2018-10-19T11:29:13+00:0011. Juni 2018|Kategorien: Arbeitgeberverband|Tags: , |0 Kommentare

„Es reicht!“

Das geplante „Brückenteilzeit-Gesetz“ stößt bei Heiko Westermann auf klare Ablehnung: „Das Gesetz bedeutet eine gewaltige Überforderung nicht nur der kleinen und mittelständischen Betriebe mit einem nicht mehr zumutbaren organisatorischen und bürokratischen Aufwand“, kritisiert der Präsident des Arbeitgeberverbandes Lüneburg Nordostniedersachsen (AV). Die Verärgerung richtet sich gegen das neueste Vorhaben von Bundesarbeitsminister Hubertus Heil (SPD), neben der bereits bestehenden Vielzahl von Gesetzen zur Teilzeitarbeit jetzt noch ein weiteres Teilzeitgesetz mit einem Rückkehrrecht möglichst schnell in Gesetzesform gießen.

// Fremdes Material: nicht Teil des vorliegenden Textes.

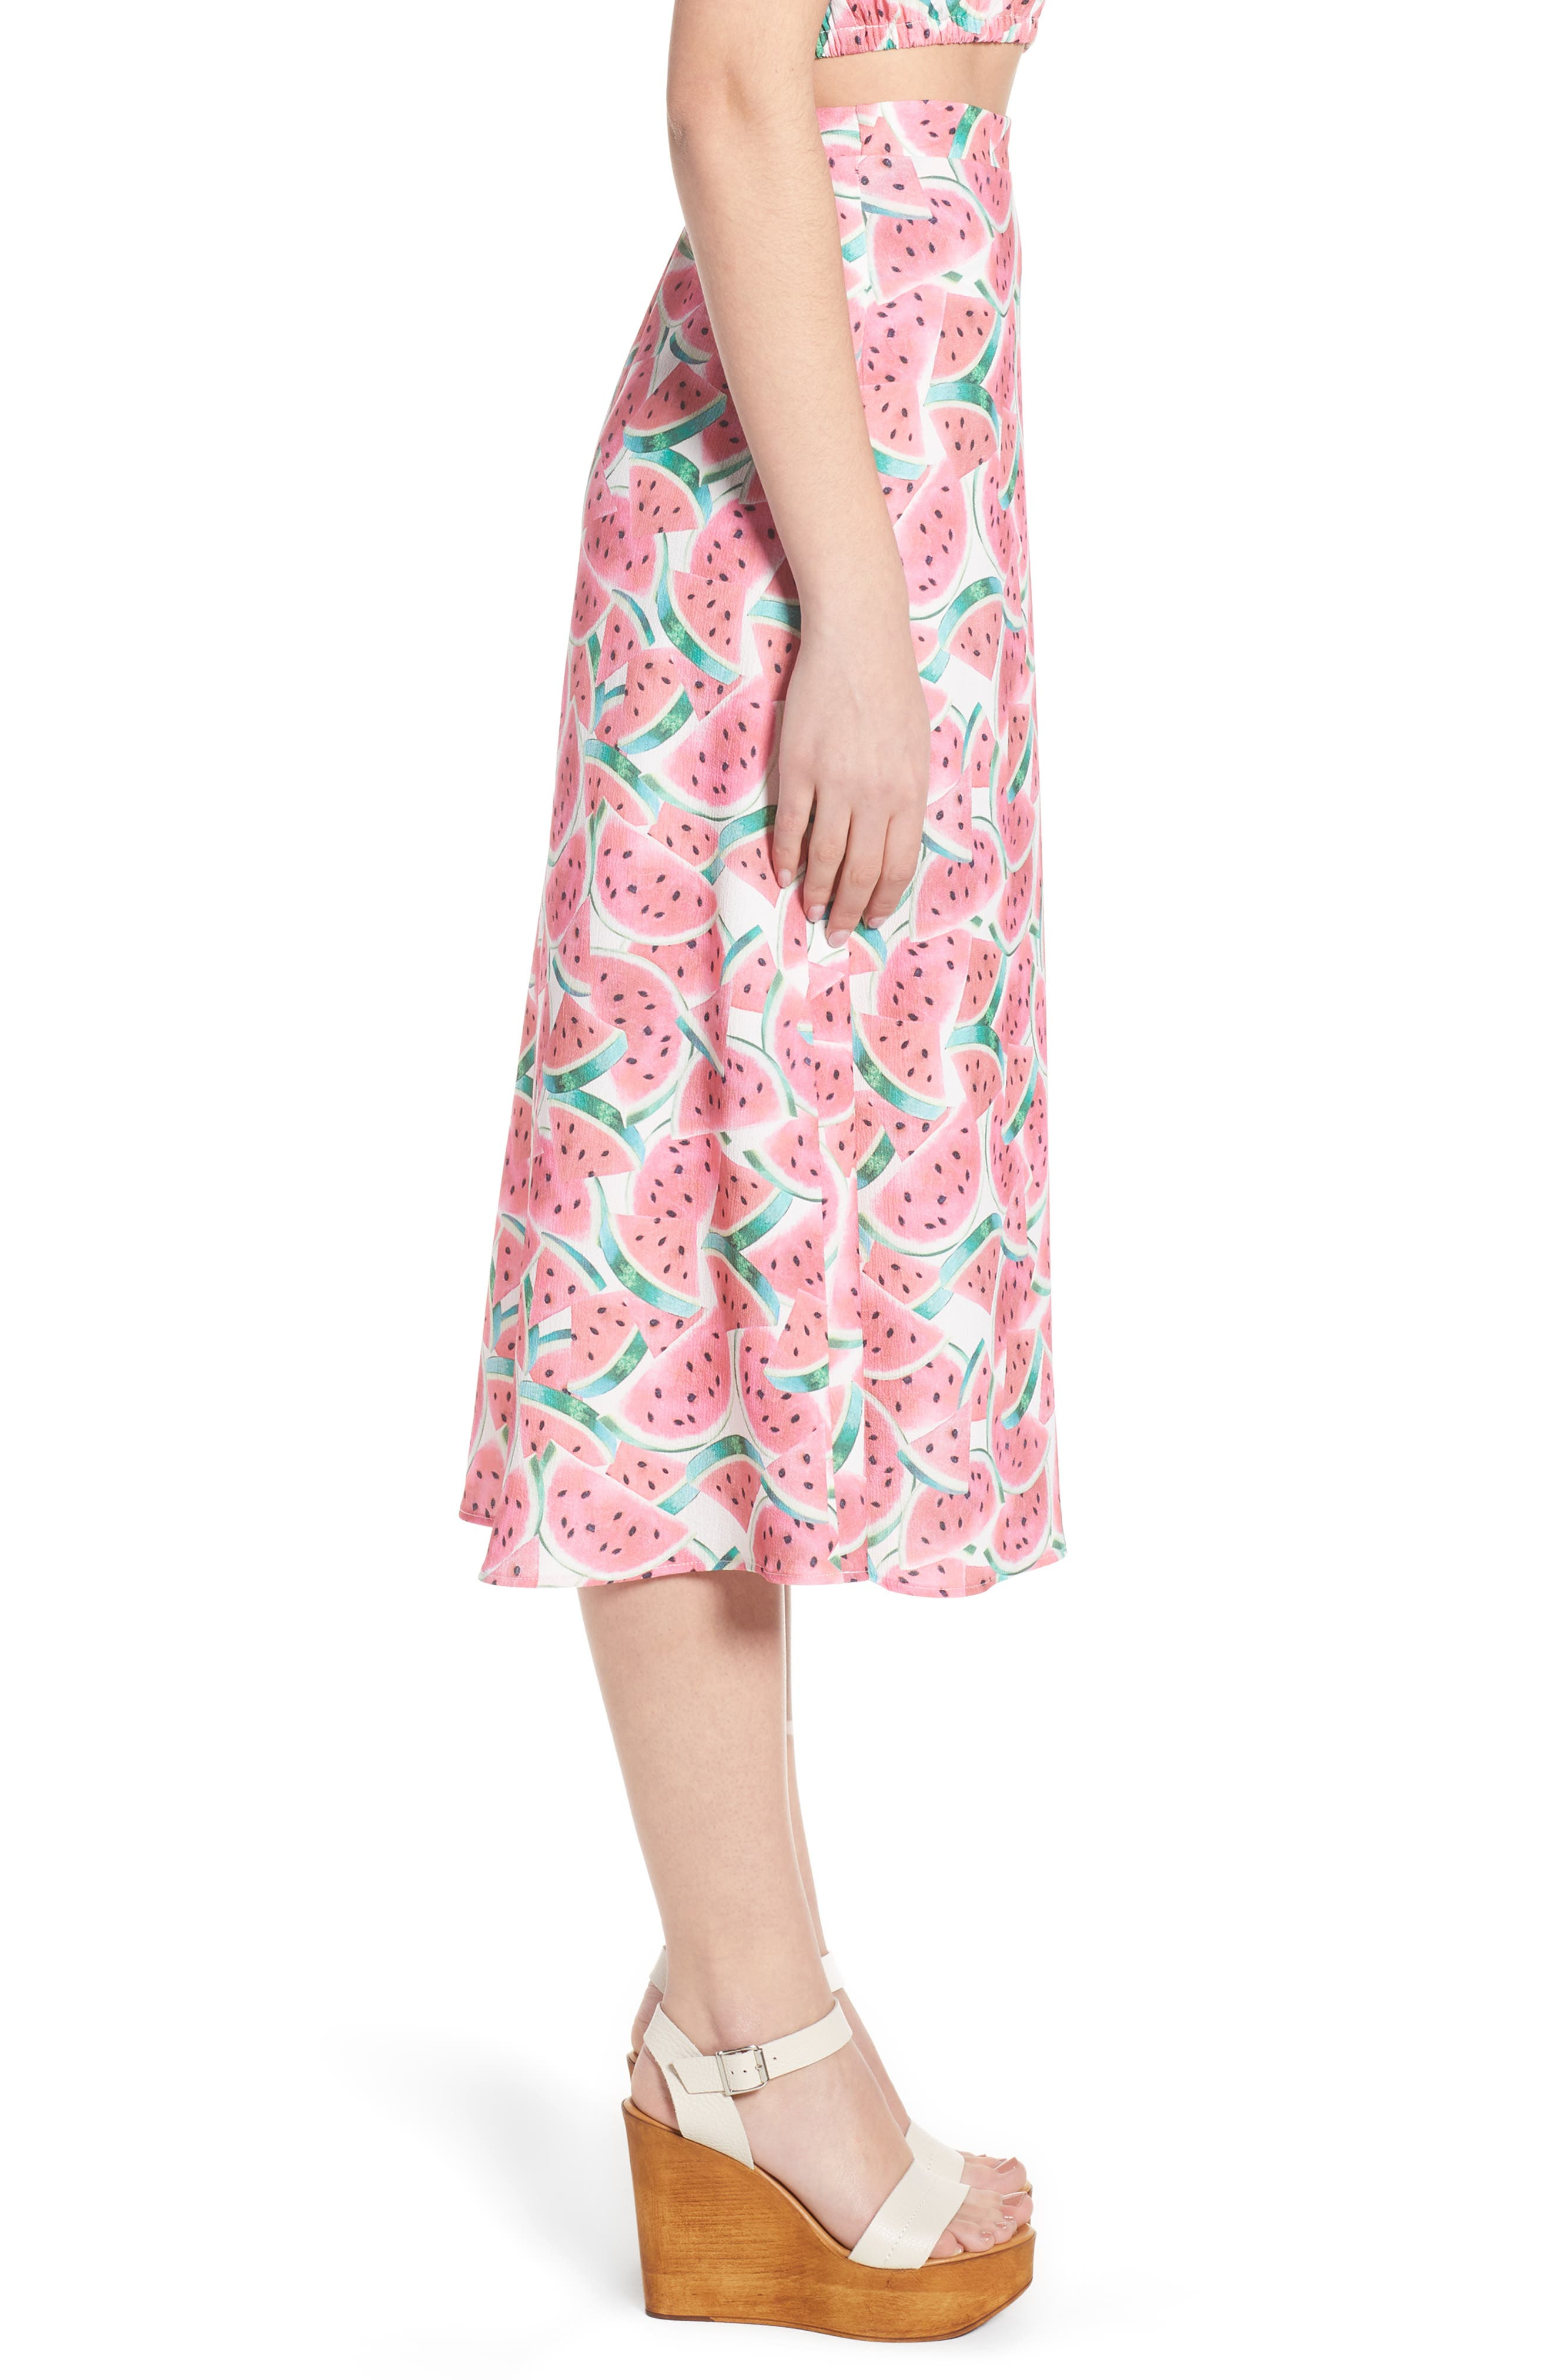 Flirt Midi Skirt,                             Alternate thumbnail 7, color,                             One In A Melon Crinkle Stretch

Demnach sollen Arbeitnehmer grundsätzlich einen Anspruch darauf haben, ihre Arbeitszeit zu verringern und trotzdem ein generelles Recht auf Rückkehr von Teilzeit in Vollzeit behalten. „Ohne Rücksicht darauf, ob dies von den betroffenen Betrieben überhaupt noch leistbar ist und ob Vertretungskräfte dafür wieder gehen müssen“, kritisiert der Lüneburger AV-Präsident die Gedankenspiele der Politik.
Dabei bestehen schon jetzt Rückkehrmöglichkeit zur Vollzeit, z.B. nach einer Pflege- oder Elternzeit“, stellt Westermann fest. So können Eltern schon jetzt in der Elternzeit ihre Arbeitszeit auf 15 bis 30 Stunden reduzieren und im Anschluss daran wieder per Gesetz auf eine volle Stelle zurückkehren.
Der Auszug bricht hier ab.